Tired of life? No, just tired of London: record £55bn spent buying homes outside the capital

Londoners bought more than 112,000 homes outside the capital this year –in the biggest “great escape” from the capital since 2007 come la coronavirus pandemic drove people to seek more space to comfortably work from home.

The number of homes bought by Londoners outside the capital increased by 62% paragonato a 2020 and is the equivalent of creating two new cities roughly the size of Leeds, according to estate agent Hamptons.

Aneisha Beveridge, the firm’s head of research, disse: “City leavers have changed the geography of not only the commuter belt, but smaller towns and cities across southern England.”

Beveridge said that while most (57%) of those leaving London were selling a home in the capital and buying a new one elsewhere, a record number of London renters were buying their first home in a more affordable location.

“The rise of flexible working coupled with affordability barriers have meant that a record 40% of first-time buyers now leave the capital to buy their first home," lei disse. “The capital’s loss is the home counties’ gain with these buyers prepared to move 24% further than before the pandemic began, taking their wealth and experience with them.”

The research shows that the switch to flexible working has encouraged Londoners to buy homes further outside the capital than in pre-pandemic times.
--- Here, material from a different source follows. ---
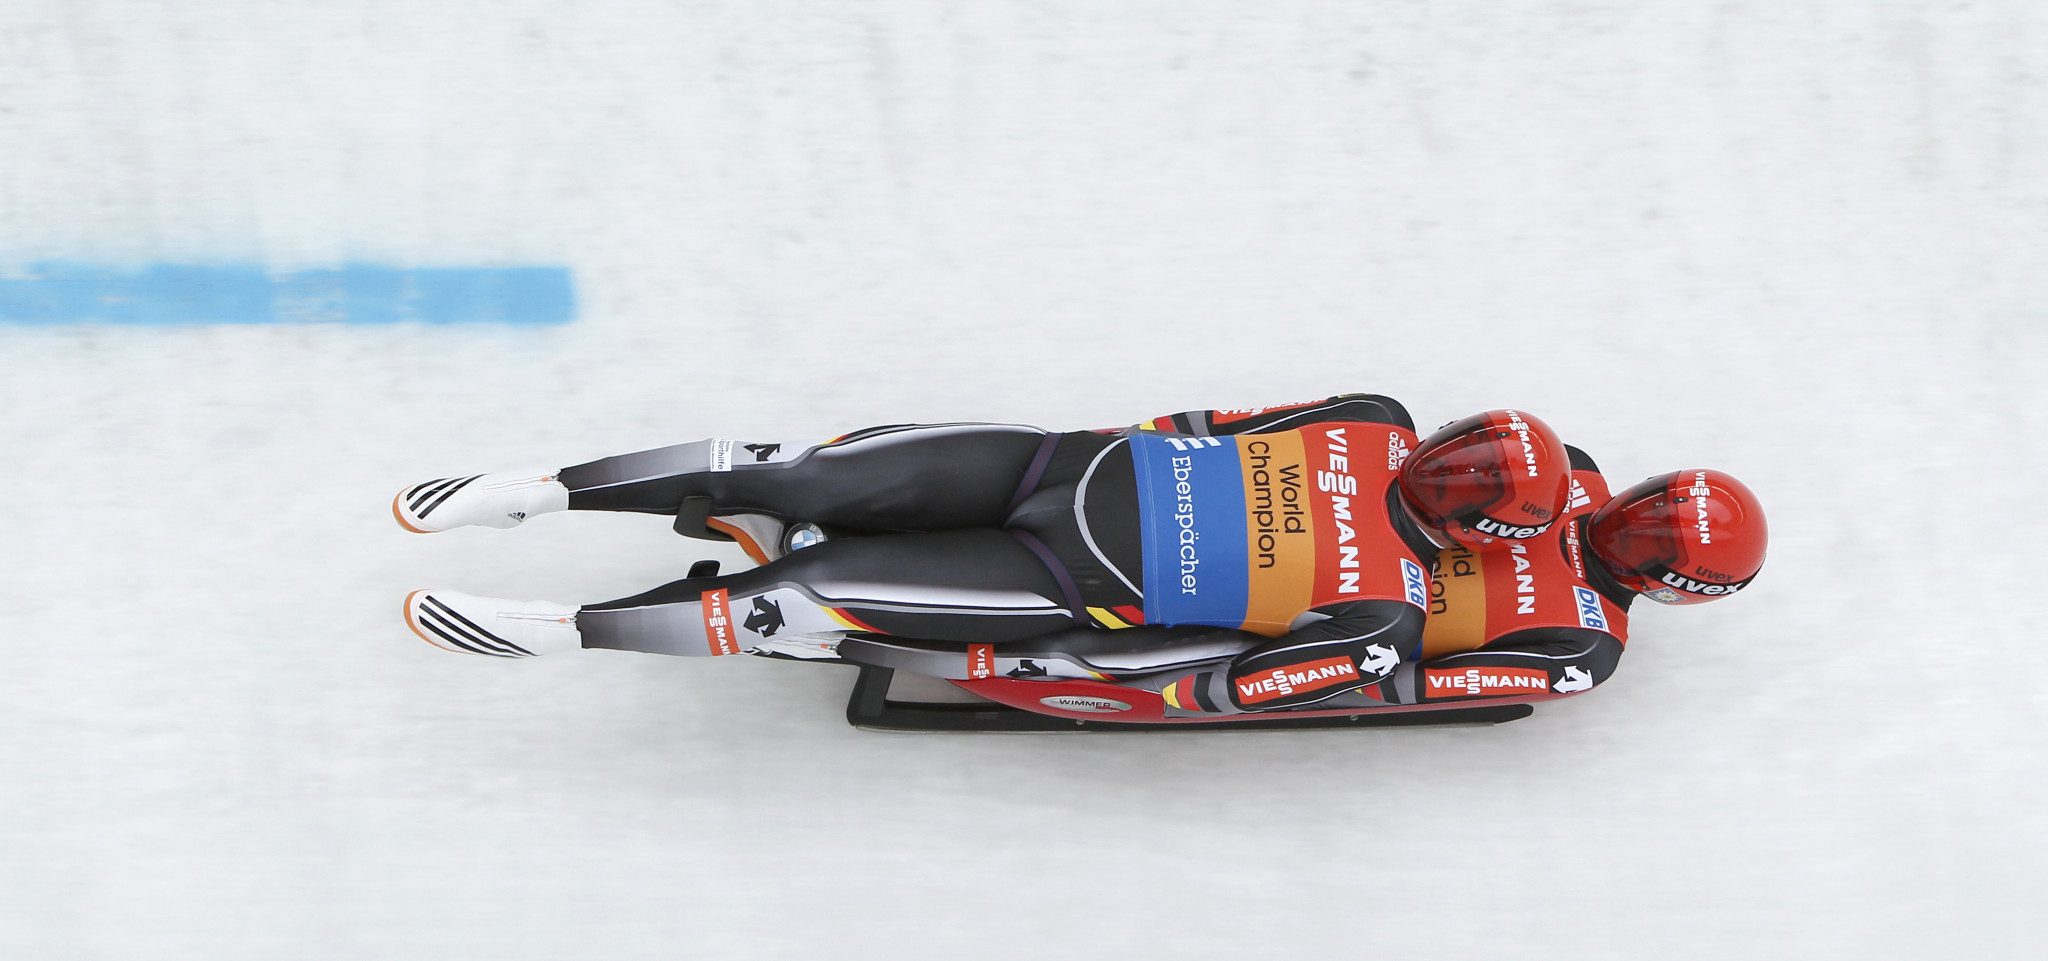 Germany's double Olympic champions Tobias Wendl and Tobias Arlt claimed victory for the first time this season ©Getty Images

The average London leaver moved 34.7 miles away from Charing Cross (used as the marker for the centre of the capital) – 6.4 miglia (o 23%) further than previously.

Alice Fry, a public relations consultant, and her husband Ed, a finance director, and their three-year-old and seven-month-old children, Willa and Cressida, joined the exodus, moving from a two-bedroom flat in South Kensington to a six-bedroom Georgian house in Arundel, West Sussex.

Fry said the family had planned to move out of London “in theory” in a few years time when Willa would be starting school, but the pandemic accelerated their plan.

“After spending three months of the first lockdown at my parents’ house in Sussex, we realised that the way of life is just much better, especially for children," lei disse. “So we shifted the house search out of London to the country, and then I found out I was pregnant again, and we were definitely moving out of London.

“We got a lot more for our money. We weren’t looking for acres and acres of land, but we have got a nice big garden and the countryside on our doorstep.”

The family visits London often, but Fry said lockdown had taught them that more space, a garden and easy access to wide open natural spaces is “more important to us than the buzz of the big city”.

“We love London so much – the convenience, and all the excitement that comes with it – but the quality of life is just much better here and we can get to London in no time and enjoy it for its best bits without having to live with its worse bits.”

The departing Londoners have bought 112,780 homes outside the capital, so far this year, dal 69,810 nel 2020. They spent £54.9bn, the highest annual spend on record and more than double that London leavers spent in 2015. The big increase in total spending reflects soaring property prices, which have been lifted by the government’s temporary cut to stamp duty. The average UK house price has risen from £450,460 in 2020 to £486,890 in 2021.

Henry Pryor, an independent property buying agent who has helped find properties for many Londoners leaving the capital this year, disse: “It’s no surprise that the housing market has been on fire this year – cheap and easy money has rained down on those with a good enough credit rating to qualify.

“Covid has made most people reappraise what they want from a home. We now want our homes to do more – we need them to be places we can work from, that can be converted into home schools, that have flexible spaces if one of us needs to isolate, that has outdoor areas in case we can only see family and friends outside and that has recreational space in case we have to spend our holidays in them.

“Many people don’t need to be so close to their work and commutes can be longer and coincidently we want better services like faster broadband to make these homes work better.